LJN Toys Ltd. was an American toy company and video game publisher based in New York City. Founded in 1970 by Jack Friedman, the company was acquired by MCA Inc. in 1985, sold to Acclaim Entertainment in 1990, and dissolved in 1994. The toy division of the company was closed by Acclaim and the company shifted towards video game publishing before being closed in 1994. The company's branding was last used for the release of Spirit of Speed 1937 in 2000.

History

Early history (1970–1985)

Jack Friedman founded LJN in 1970 using funds from his employer Norman J. Lewis Associates (from which the company name "LJN" is derived, being a reversal of Lewis' initials) after seeing the sale figures of Mattel and Milton Bradley Company increase. Friedman later founded THQ and Jakks Pacific after leaving LJN. LJN shifted money used for television advertising to instead purchase licenses to make toys based on television shows. The first toyline by LJN based on a television show was for Emergency! The highest amount the company paid for a license by 1982 was $250,000.

LJN purchased the license to make toys based on E.T. the Extra-Terrestrial for $25,000 due to other companies declining the option, including Kenner Products and Ideal Toy Company, and sold over $16–25 million worth of merchandise without the need of an advertising campaign. A doll based on Brooke Shields was released with a $2 million advertising budget and made over $12 million in 1982. LJN's revenue rose from $5 million in 1971, to $70 million in 1982 due to the E.T. and Brooke Shields toys.

In 1984 LJN became the toy licensee of the World Wrestling Federation. The Wrestling Superstars line, which featured action figures based on WWF's roster of wrestlers, was produced from 1984 to 1989.

LJN competed with Mattel in the toy market. The company produced the ThunderCats toyline in competition to Mattel's Masters of the Universe.

MCA ownership (1985–1990)

On March 26, 1985, MCA Inc. announced that it would purchase 63% of LJN's stocks for $39.8 million and proposed to buy the remainder of the stock for $14.26 for each share which would increase the total value of the deal to almost $65 million. However, the company failed to make a net income from 1986 to 1989, and MCA had to take a $53 million after-tax charge due to the expenses of the company before selling it to Acclaim Entertainment for $30 million in April 1990. LJN had a revenue of $110,510,000 and a net loss of $37.3 million in 1987.

LJN entered the video game industry by publishing games based on movies and television shows developed by companies including Atlus, Beam Software, and Rare for the Nintendo Entertainment System in 1987. The company released the LJN Video Art in 1987. The majority of the company's $70 million in sales in 1990 came from video game sales on the Nintendo Entertainment System and Game Boy.

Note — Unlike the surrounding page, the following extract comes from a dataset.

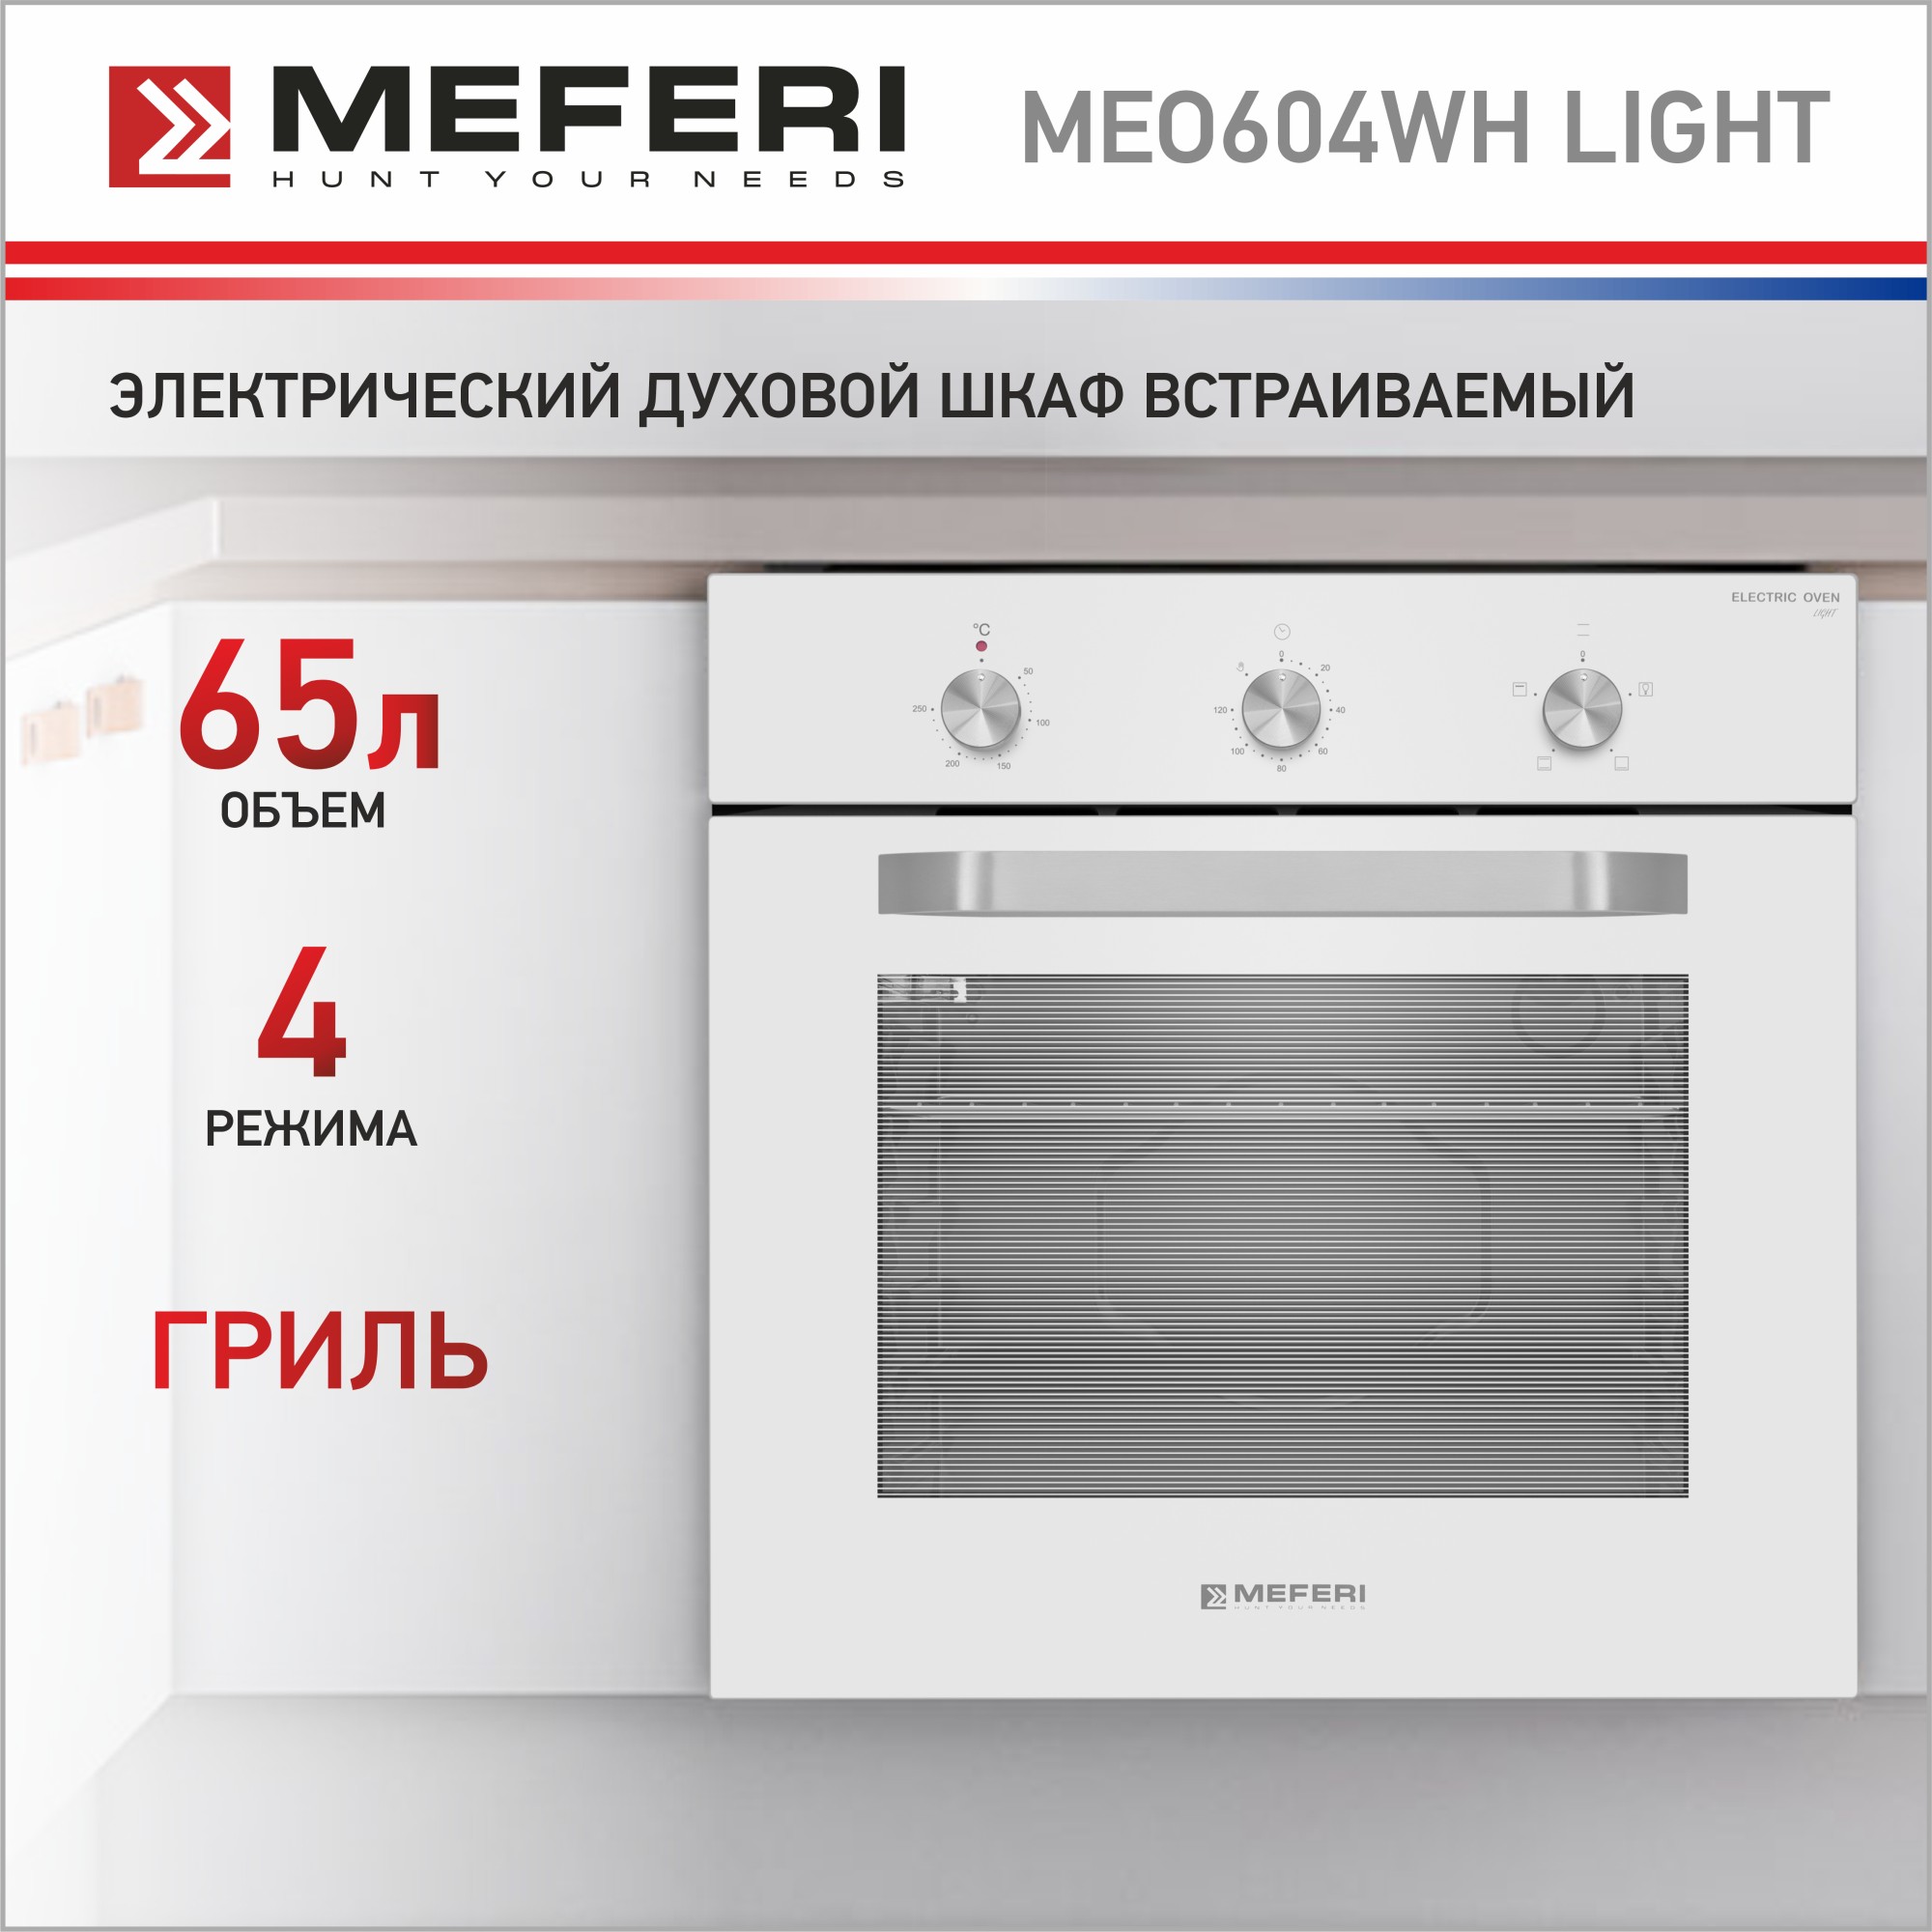 Электрический духовой шкаф MEFERI MEO604WH LIGHT электрический духовой шкаф meferi meo604wh light

The company released a paint gun line named Gotcha! with a license from the film Gotcha!, but were criticized by consumer protection groups due to the danger it posed to eyes. However, the toyline was financially unsuccessful and MCA had to take a $35 million after-tax charge due to the failure of the toyline and the expenses of the Coleco. The company was also criticized by police officers and Americans for Democratic Action for its Entertech line of toy water guns due to how realistic they looked. LJN changed the design of the toys after three people in the United States from ages 13 to 19 were killed as a result of police officers thinking they had actual guns and multiple cities and states banned the sale of realistic toy guns.

Acclaim Entertainment ownership (1990–2000)

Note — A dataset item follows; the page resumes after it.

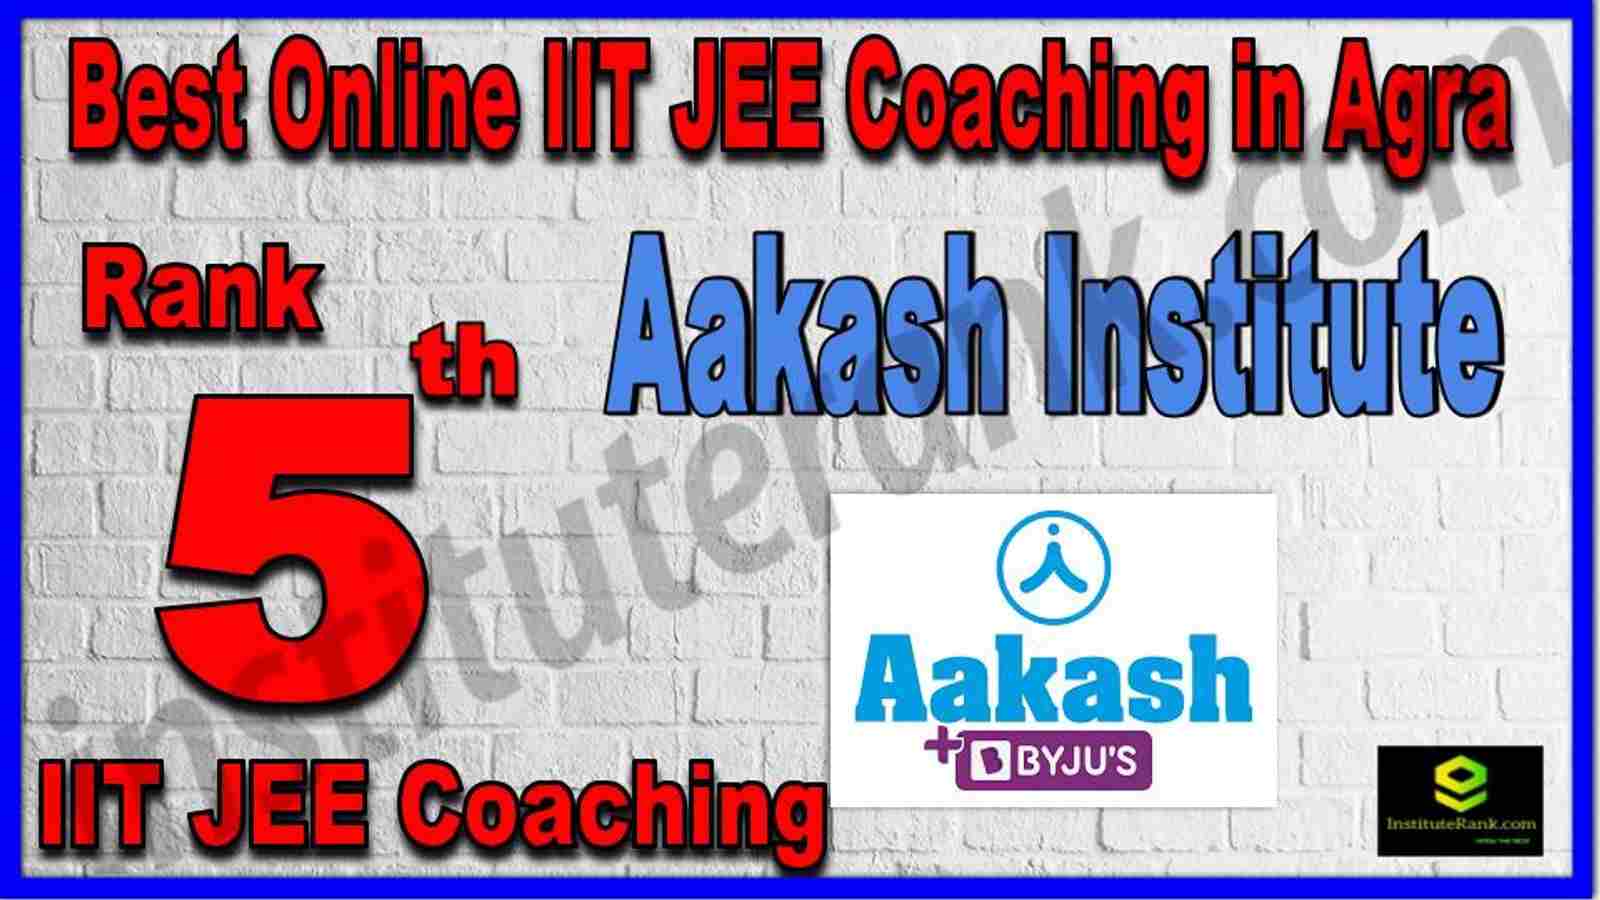 Rank 5th Best Online IIT JEE Coaching in Agra

Lawrence Kanga filed a lawsuit on the behalf of Clark Thiemann on January 31, 1990, against LJN, Nintendo, and Major League Baseball claiming that the game Major League Baseball was falsely advertised to Thiemann stating that it would allow him to simulate being a baseball team manager and Kanga stating that the game was advertised as having all of the players, but instead only had their uniform numbers.

Acclaim closed LJN's toy division and shifted the company's focus to video game publishing. In 1991, the U.S. Consumer Product Safety Commission recalled LJN's Sling 'Em- Fling 'Em wrestling ring toys based on the World Wrestling Federation, which sold 1.4 million products from 1985 to 1989, due to multiple children between six and ten being injured by the toys.

Acclaim closed LJN in 1994, but reused the company's name for the release of Spirit of Speed 1937 in 2000.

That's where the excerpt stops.